Consider the following construction:
Suppose $\Omega$ is a set and $F$ is a $\sigma$-algebra over $\Omega$, that satisfies a following “separability” condition:
$$\forall a, b \in \Omega \exists f \in F (a \in f \& b \notin f)$$
Consider a $\sigma$-algebra $\Sigma(F)$ over $F$, generated by the collection of subsets $\{ \{f \in F|a \in f\}| a \in \Omega\}$. It is not hard do see, that all nonempty elements of $\Sigma(F)$ will be of the form:
$$\bigcup_{n=1}^\infty  \{f \in F|A_i \subset f, B_i \subset \Omega \setminus f\}$$
Where $A_1, A_2, … , B_1, B_2, … $ are at most countable subsets of $\Omega$, $A_i \cap B_i = \emptyset$.
On this $\sigma$-algebra we can easily define such a probability measure, that $\forall a_1, … , a_n \in A$ the values of $\mathbb{I}_{a_i \in f}$ are distributed i.i.d. $\sim Bern(p)$. It is done by assigning to any event $\{f \in F|A_i \subset f, B_i \subset \Omega \setminus f\}$ probability $p^{|A_i|}(1-p)^{|B_i|}$. Let’s call such distribution $Bern_p(F)$.
Then the following will hold:

Suppose $(\Omega, F, \mu)$ is a discrete probability space ($|\Omega| \leq \aleph_0$, $F = P(\Omega)$) and $S \sim Bern_p(F)$ is its random measurable subset.
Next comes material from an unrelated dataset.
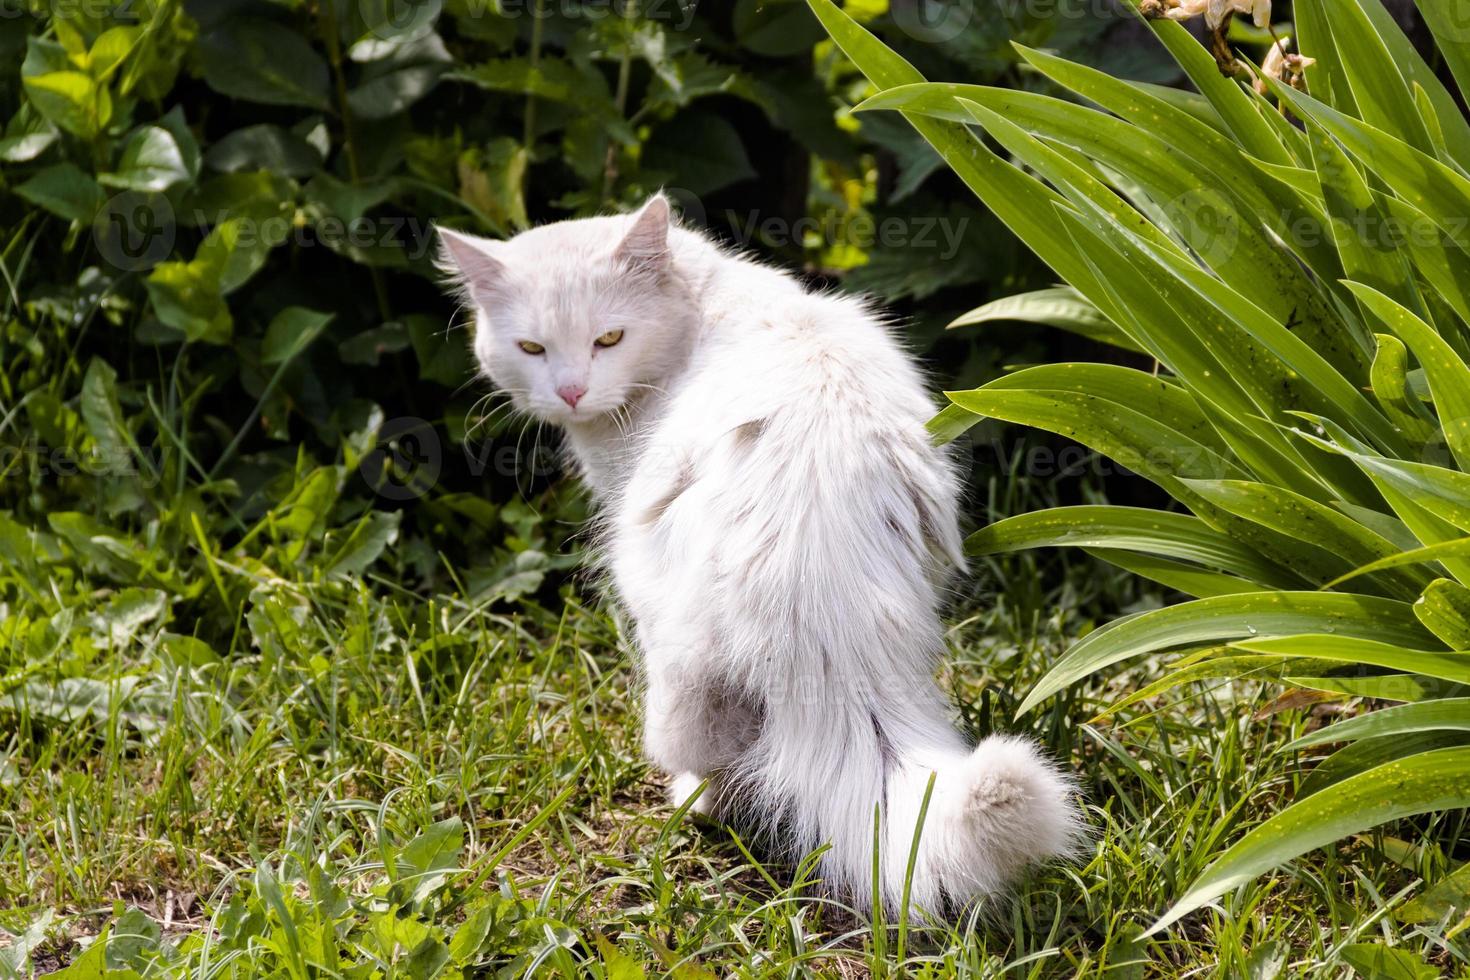 White cat on grass green outdoor sunny day photo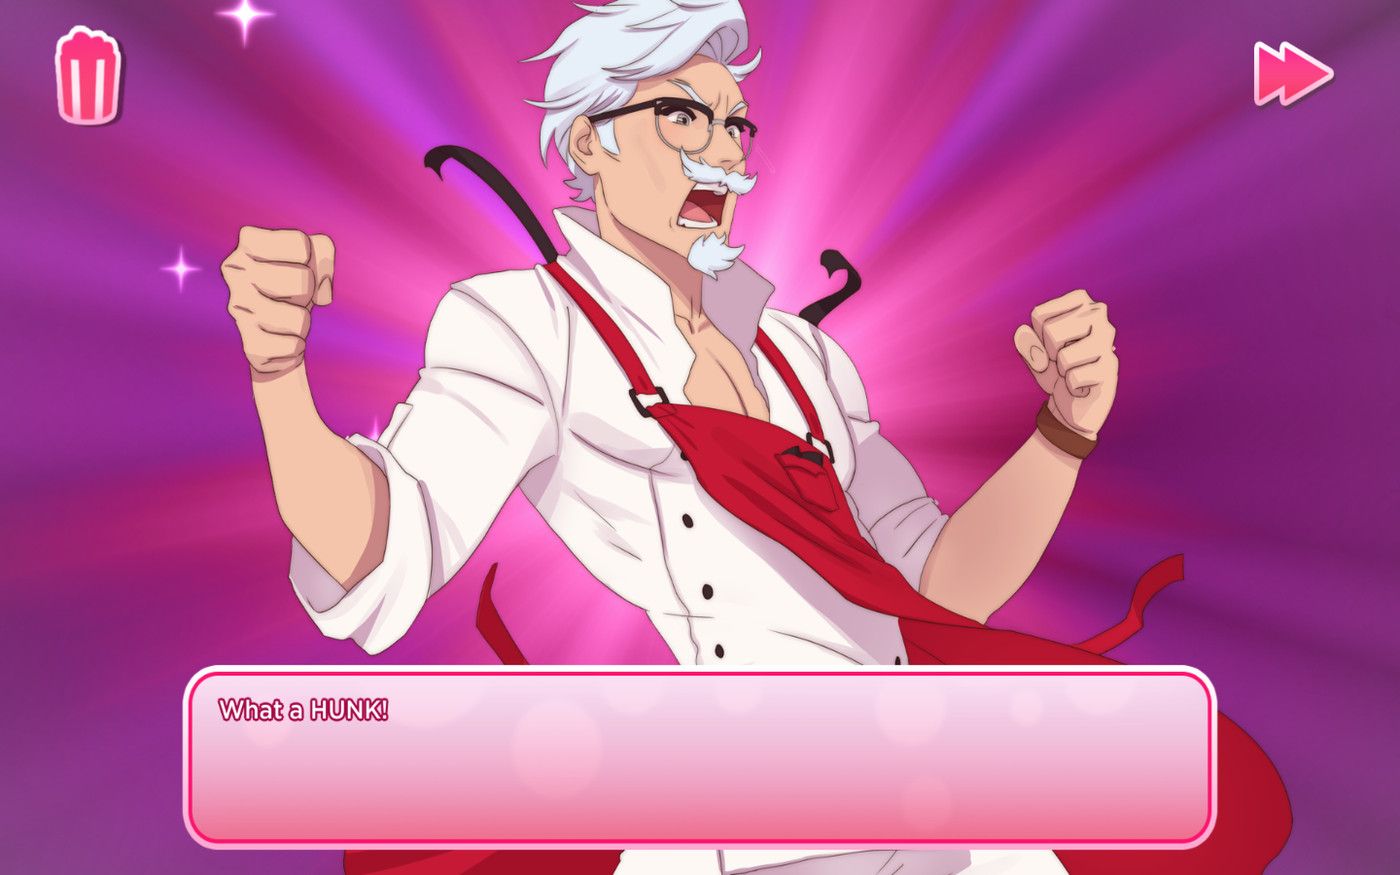 KFC's New Dating Simulator Game Stars a Hot and Single Colonel Sanders

Then $E[\mu(S)] = p$.

Proof:
Suppose, $\Omega = \{a_1, a_2, … \}$ (if $|\Omega| < \aleph_0$ consider $a_{n+1}, a_{n+2}, … $ to be  dummy elements with zero measure). Then the measurable function $\mu(S)$ is approximated by the simple functions $\mu(S \cap \{a_1, …, a_n\})$. Thus
$$E[\mu(S)] = \lim_{n \to \infty} E[\mu(S \cap \{a_1, …, a_n\}] = \lim_{n \to \infty} p(\sum_{I=1}^n \mu(\{a_i\})) = p(\sum_{I=1}^\infty \mu(\{a_i\}))  = p$$
Q.E.D.
That is the fact of the form you need (but only for discrete spaces).
Can it be generalised to non-discrete probability spaces (like $[0;1]$ from your question)? Unfortunately, the answer is still "No". In that case talking about distribution of $\mu(S)$ will be pointless, because $\{f \in F| \mu(f) \leq t\}$ will generally be non-measurable due to the following fact:

Suppose $(\Omega, F, \mu)$ is a non-atomic probability space ($|\Omega| > \aleph_0$, $\forall a \in \Omega$ $\mu(\{a\}) = 0$). Then every non-empty element of $\Sigma(F)$ contains a set of measure $0$ and a set of measure $1$.

Proof:
Suppose, $T \in \Sigma(F) \setminus \{\emptyset\}$. Then, $T = \bigcup_{n=1}^\infty  \{f \in F|A_i \subset f, B_i \subset \Omega \setminus f\}$ for some countable subsets $A_1, A_2, … , B_1, B_2, … $, where $A_i \cap B_i = \emptyset$. Notice that
$$A_1, \Omega \setminus B_1 \in T$$
$$\mu(A_1) = 0$$
$$\mu( \Omega \setminus B_1) = 1$$
Q.E.D.